Primary prevention efforts are poorly developed in people at high cardiovascular risk: A report from the European Society of Cardiology EURObservational Research Programme EUROASPIRE V survey in 16 European countries.

机构信息

St Mary's Hospital, Imperial College Healthcare NHS Trust, London, UK.

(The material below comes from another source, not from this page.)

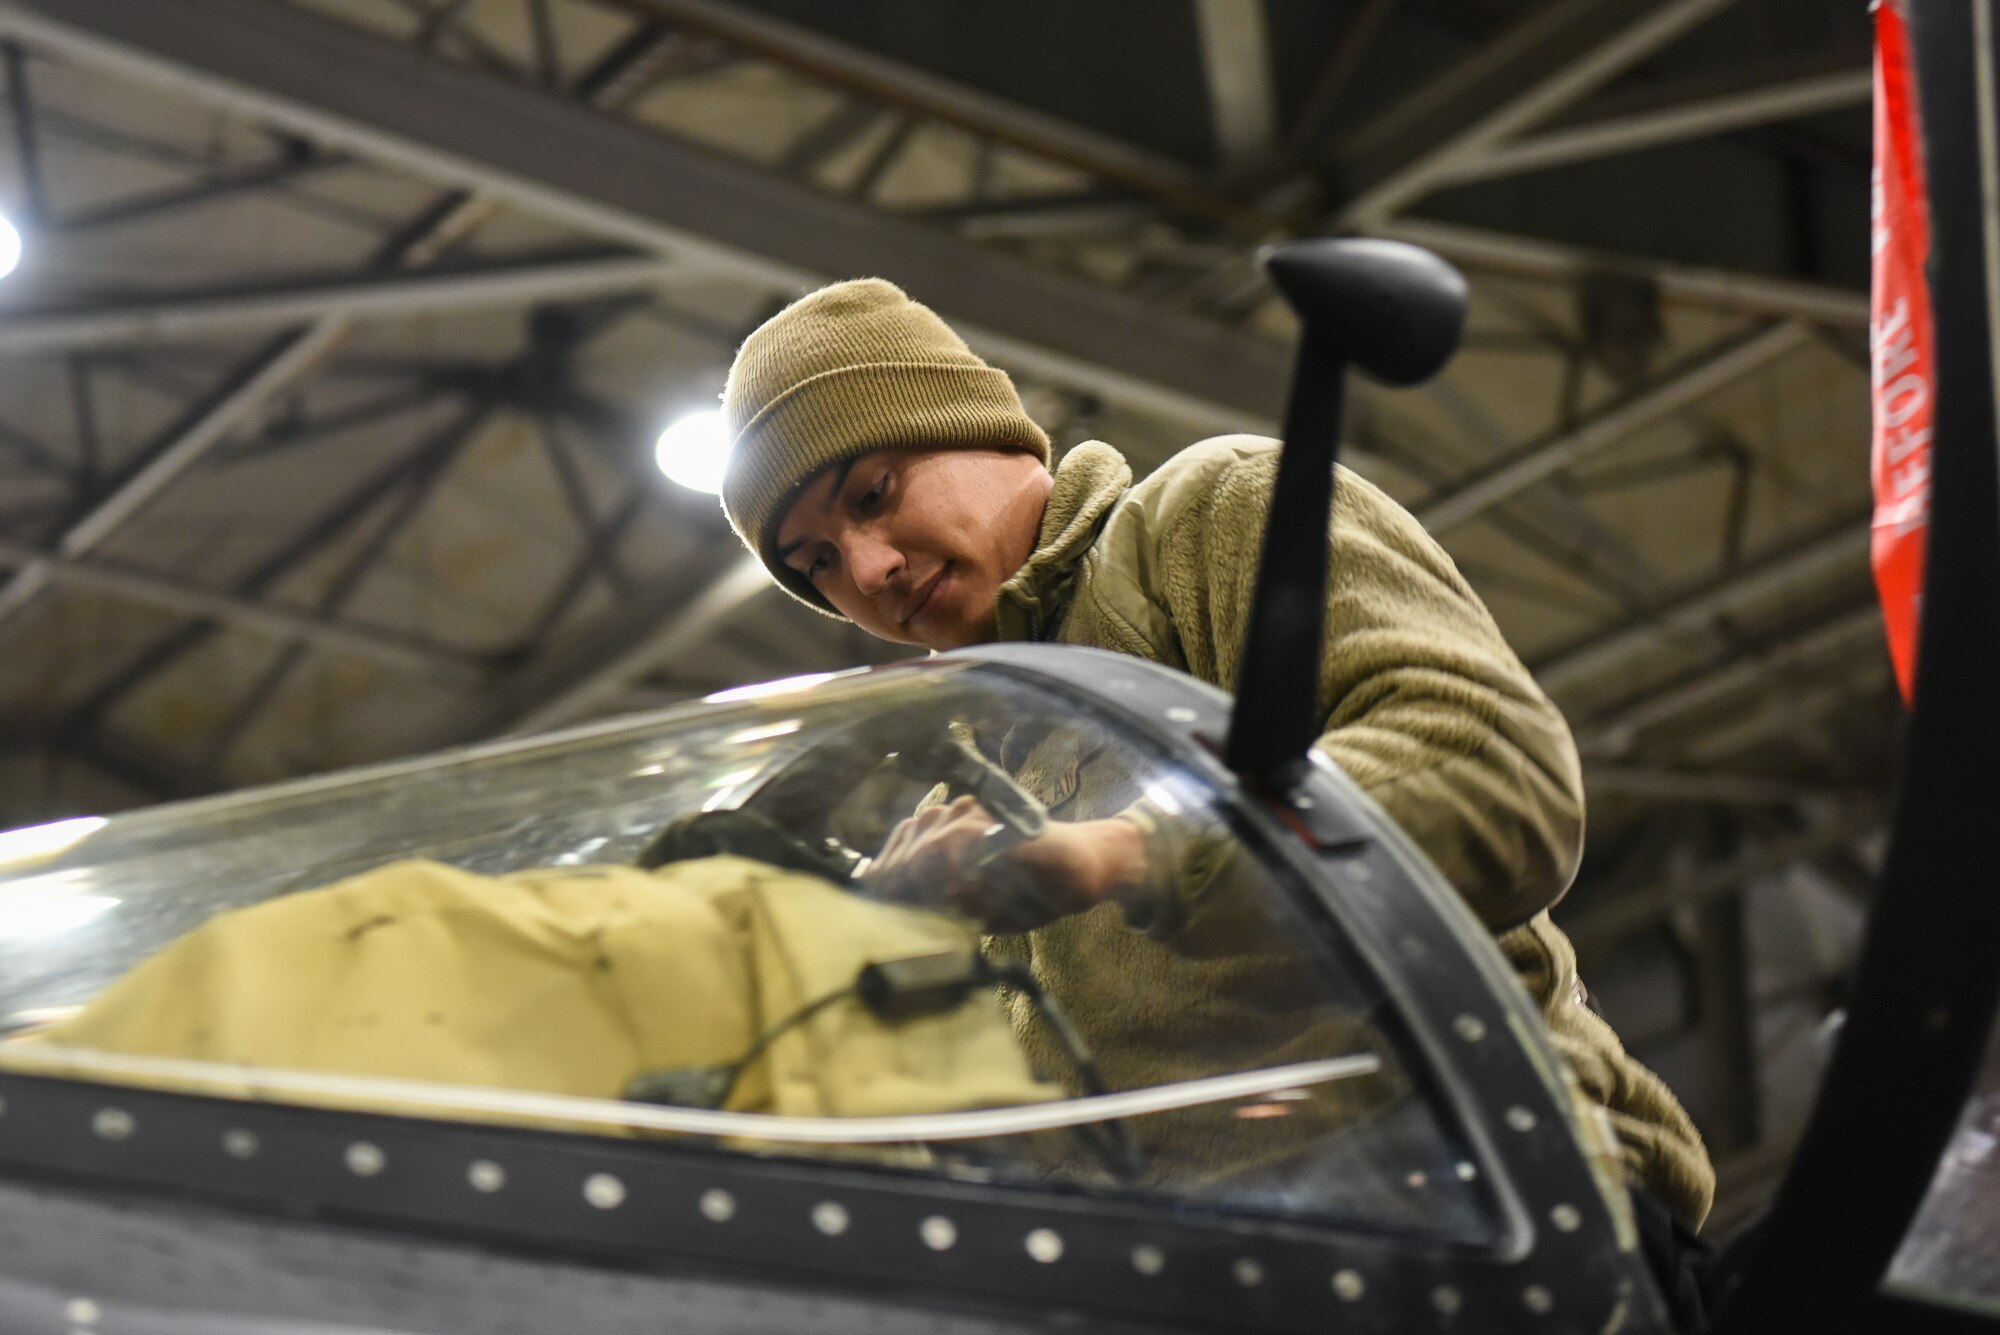 A U.S. Air Force 9th Aircraft Maintenance Squadron dedicated crew chief conducts a canopy inspection on the U-2 Dragon Lady after recovery from a night mission in support of Dragon Flag EAST, March 27, 2023, at Offutt Air Force Base, Nebraska.

National Institute for Prevention and Cardiovascular Health, National University of Ireland-Galway, Republic of Ireland.

出版信息

Eur J Prev Cardiol. 2021 May 8;28(4):370-379. doi: 10.1177/2047487320908698. Epub 2020 Mar 20.

Abstract

BACKGROUND

European Action on Secondary and Primary Prevention by Intervention to Reduce Events (EUROASPIRE) V in primary care was carried out by the European Society of Cardiology EURObservational Research Programme in 2016-2018. The main objective was to determine whether the 2016 Joint European Societies' guidelines on cardiovascular disease prevention in people at high cardiovascular risk have been implemented in clinical practice.

METHODS

The method used was a cross-stional survey in 78 centres from 16 European countries. Patients without a history of atherosclerotic cardiovascular disease either started on blood pressure and/or lipid and/or glucose lowering treatments were identified and interviewed ≥ 6 months after the start of medication.

RESULTS

A total of 3562 medical records were reviewed and 2759 patients (57.6% women; mean age 59.0 ± 11.6 years) interviewed (interview rate 70.0%). The risk factor control was poor with 18.1% of patients being smokers, 43.5% obese (body mass index ≥30 kg/m2) and 63.8% centrally obese (waist circumference ≥88 cm for women, ≥102 cm for men). Of patients on blood pressure lowering medication 47.0% reached the target of <140/90 mm Hg (<140/85 mm Hg in people with diabetes). Among treated dyslipidaemic patients only 46.9% attained low density lipoprotein-cholesterol target of <2.6 mmol/l. Among people treated for type 2 diabetes mellitus, 65.2% achieved the HbA1c target of <7.0%.

CONCLUSION

The primary care arm of the EUROASPIRE V survey revealed that large proportions of people at high cardiovascular disease risk have unhealthy lifestyles and inadequate control of blood pressure, lipids and diabetes. Thus, the potential to reduce the risk of future cardiovascular disease throughout Europe by improved preventive cardiology programmes is substantial.

摘要

背景

欧洲心脏病学会欧洲观察性研究计划(EURObservational Research Programme)于 2016-2018 年在初级保健中开展了二级和一级预防以减少事件的干预(EUROASPIRE V)。主要目的是确定 2016 年联合欧洲学会心血管疾病高危人群心血管疾病预防指南是否已在临床实践中得到实施。

方法

采用 2016 年 16 个欧洲国家 78 个中心的横断面调查方法。确定无动脉粥样硬化性心血管疾病史的患者开始使用降压和/或降脂和/或降糖药物治疗,并在开始药物治疗后≥6 个月对其进行采访。

结果

共审查了 3562 份病历,对 2759 名患者(57.6%为女性;平均年龄 59.0±11.6 岁)进行了采访(采访率为 70.0%)。危险因素控制不佳,18.1%的患者吸烟,43.5%肥胖(体重指数≥30kg/m2),63.8%中心性肥胖(女性腰围≥88cm,男性腰围≥102cm)。接受降压药物治疗的患者中,47.0%达到<140/90mmHg 的目标(糖尿病患者<140/85mmHg)。在接受调脂治疗的患者中,只有 46.9%达到低密度脂蛋白胆固醇<2.6mmol/l 的目标。在接受 2 型糖尿病治疗的人群中,65.2%达到 HbA1c<7.0%的目标。

结论

EUROASPIRE V 调查的初级保健部分显示,很大一部分心血管疾病高危人群生活方式不健康,血压、血脂和糖尿病控制不足。因此,通过改善预防心脏病学计划,在整个欧洲降低未来心血管疾病风险的潜力巨大。